Salivary and cement protein analysis
A total of 159 non-redundant tick cement proteins were retrieved from the NCBI database and then clustered with all D. tinctorium and L. deliense amino-acid sequences using OrthoMCL in order to identify the tick cement orthologues in the new genomes. Salivary proteins of I. scapularis and T. urticae have been previously identified using proteomic methods by Kim et al. [120] and Jonckheere et al. [126], respectively. Proteins that might be present in the saliva of D. tinctorium and L. deliense were identified by clustering all predicted protein-coding sequences in the new genomes with these T. urticae and I. scapularis salivary proteins using OrthoMCL [207]. Venn diagrams were constructed using InteractiVenn [221].

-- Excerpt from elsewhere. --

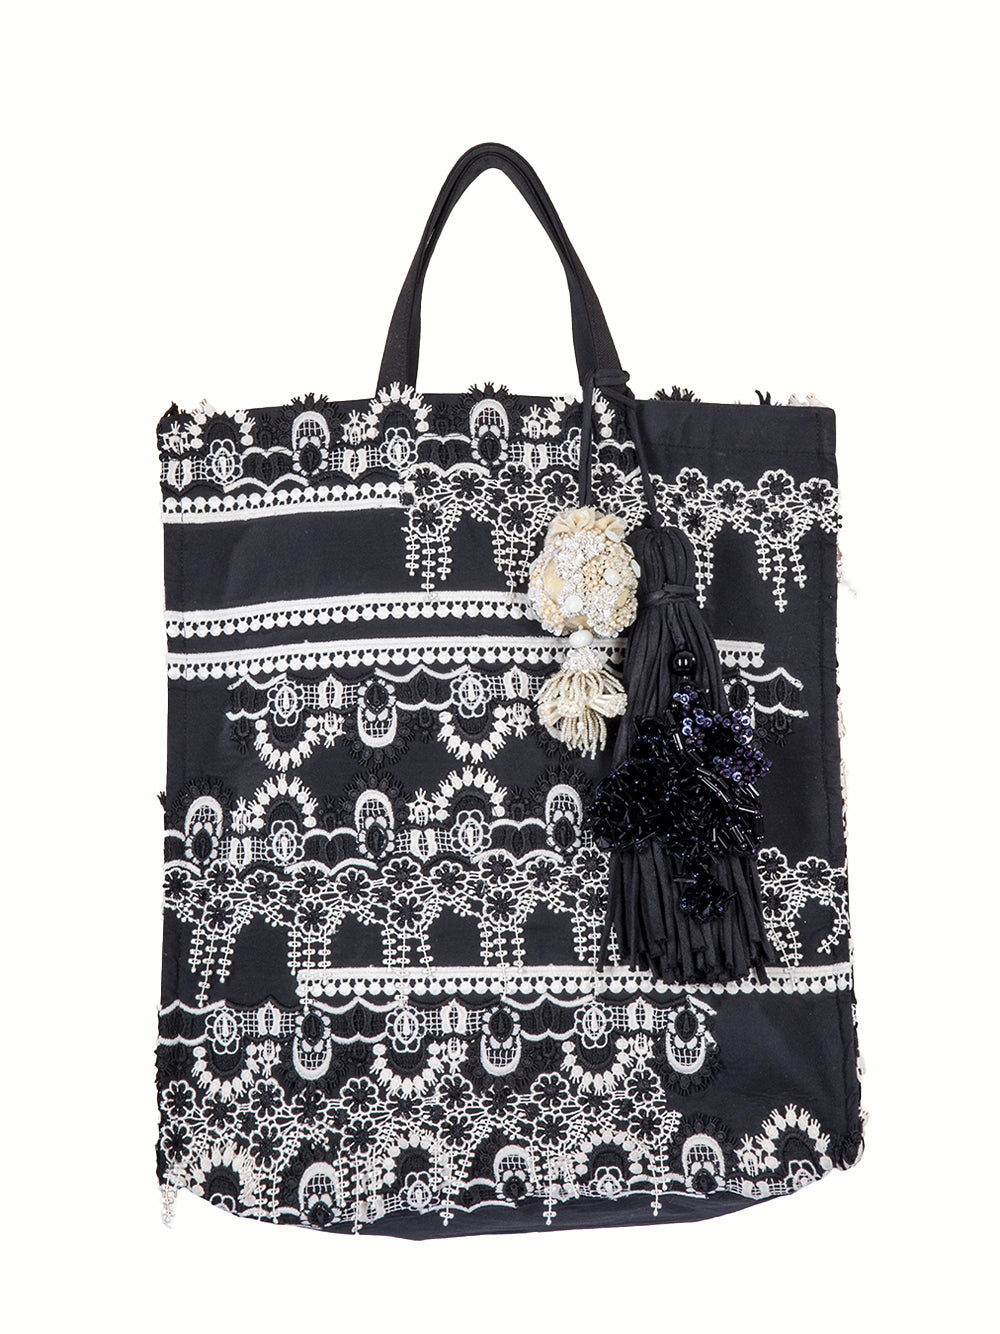 Embellished Tote Bag Black-white

Sample preparation for proteomics
Engorged larvae of L. deliense (10 specimens) were pooled from infested rodent specimens (Bandicota indica, Bandicota savilei and Rattus tanezumi) captured across several provinces in Thailand during the field studies of the CERoPath project [177]. The chigger samples were fixed in 70% ethanol and identified as L. deliense using autofluorescence microscopy [222]. For D. tinctorium, proteomic analysis was performed on a single ethanol-fixed individual from the same collection used for genome sequencing.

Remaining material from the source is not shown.